One of the biggest lies ever told...
is that "I am the only one." as in: "I am the only one who has ever gone through this." or "I am the only one who has ever felt this way." No matter what words follow "I am the only one", the subtext is the same: "There is something wrong with me." This pattern of thought isolates us. Causes us to withdraw from one another for fear of being exposed.
Lately, I've come across various articles, and listened to podcasts and interviews involving actors in various stages and levels of their respective careers. What I have heard is a variety of thoughts and feelings that mirror my own. Last year was a record year for my acting career, and at the beginning of this year (when auditions were especially slow) I was asking myself "what if?" Y'all know the drill (all together now) "What I never get another gig?" "What if last year was a fluke?" "What if they* discover I'm really just winging it all?" In my head I knew that trying to find answers to these questions was a fool's errand, but in my gut, I really wondered. In my efforts to shake these thoughts, I started painting more, reading more, writing, listening to music, planning travel...indulging my other interests.
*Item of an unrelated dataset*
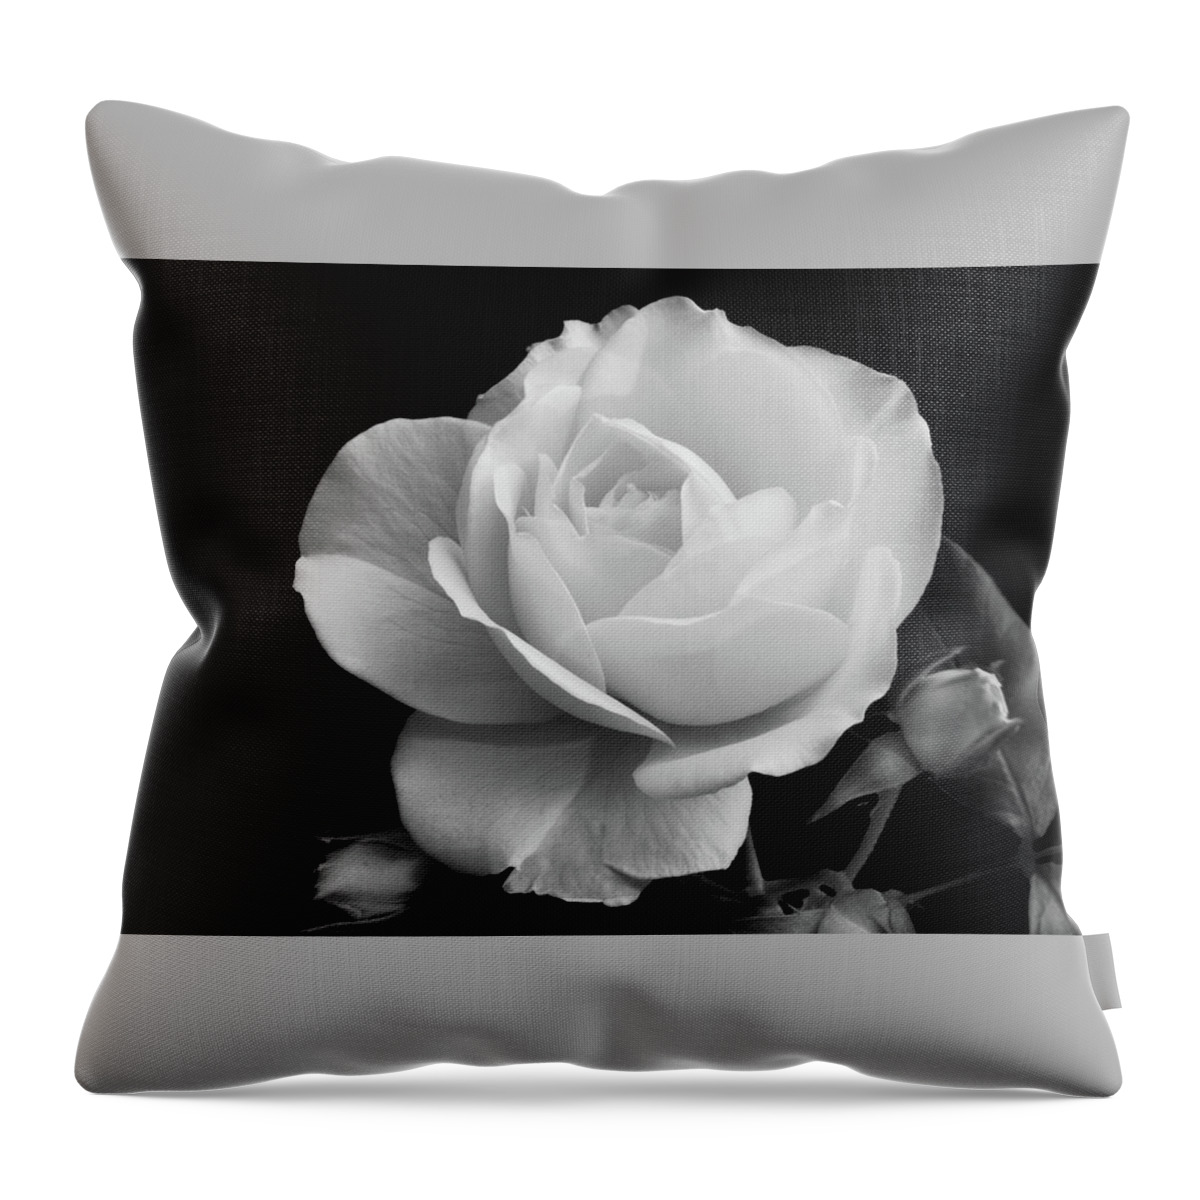 Rose Throw Pillow featuring the photograph October Rose by Terence Davis

My rationale was that living a more well-rounded life would actually serve my acting, and if I never acted again, at least I'd have a well-rounded life.
Many of the other actors (some big names, some not) in the interviews and articles were saying the same things: "What if I never get another job?" "What if they* find out I'm a fraud?" And then there were several who had reached the same conclusion that I have: That it's important to have other interests, other options, and people in your life that help you keep it all in perspective. I was relieved to realized that I am not the only one who had these thoughts, and that asking these questions doesn't mean I'm faithless, it means I'm human. And I'm really glad to know I'm not the only one.
I'm headed to Portland to shoot my commercial spot. I'm particularly proud of myself because I'm NOT taking my computer with me. Okay, I'll still have my Treo, but this is a big step! I will be sure to post pix when I return.
Ciao!
*Who are "they" anyway??
I know what you mean - I saw an article in the NY Times lately about feelings of phoniness, and I thought of all the big actors that I've heard say - "Everytime I get on set I expect someone to realize I don't belong there."
http://backstage.blogs.com/unscripted/2008/03/one-of-the-bigg.html#comments
And I do it myself - including the last job offer I got, where I think I listed 7 superficial reasons why they had cast me - BEFORE thinking, "Hey, maybe it's because I gave a great read and they think I'm talented."
But yeah, pretty much all we can do is work to create as much of the life we want as we can - dealing with the things that are in our control - things that bring us joy.
Posted by: A Pinyan | March 05, 2008 at 09:08 AM
Have a great shoot!
Posted by: Stacey Jackson | March 05, 2008 at 12:40 PM
We all know that there is nothing new under the sun, so whatever it is that each one of us goes through, is not unique. Somebody else has already been there, done that.
Those 'what if' moments we have help keep us on our toes. We eventually get through those 'what if' moments and most of realize that it wasn't so bad after all and that we have actually grown from the experience and are able to help somebody else.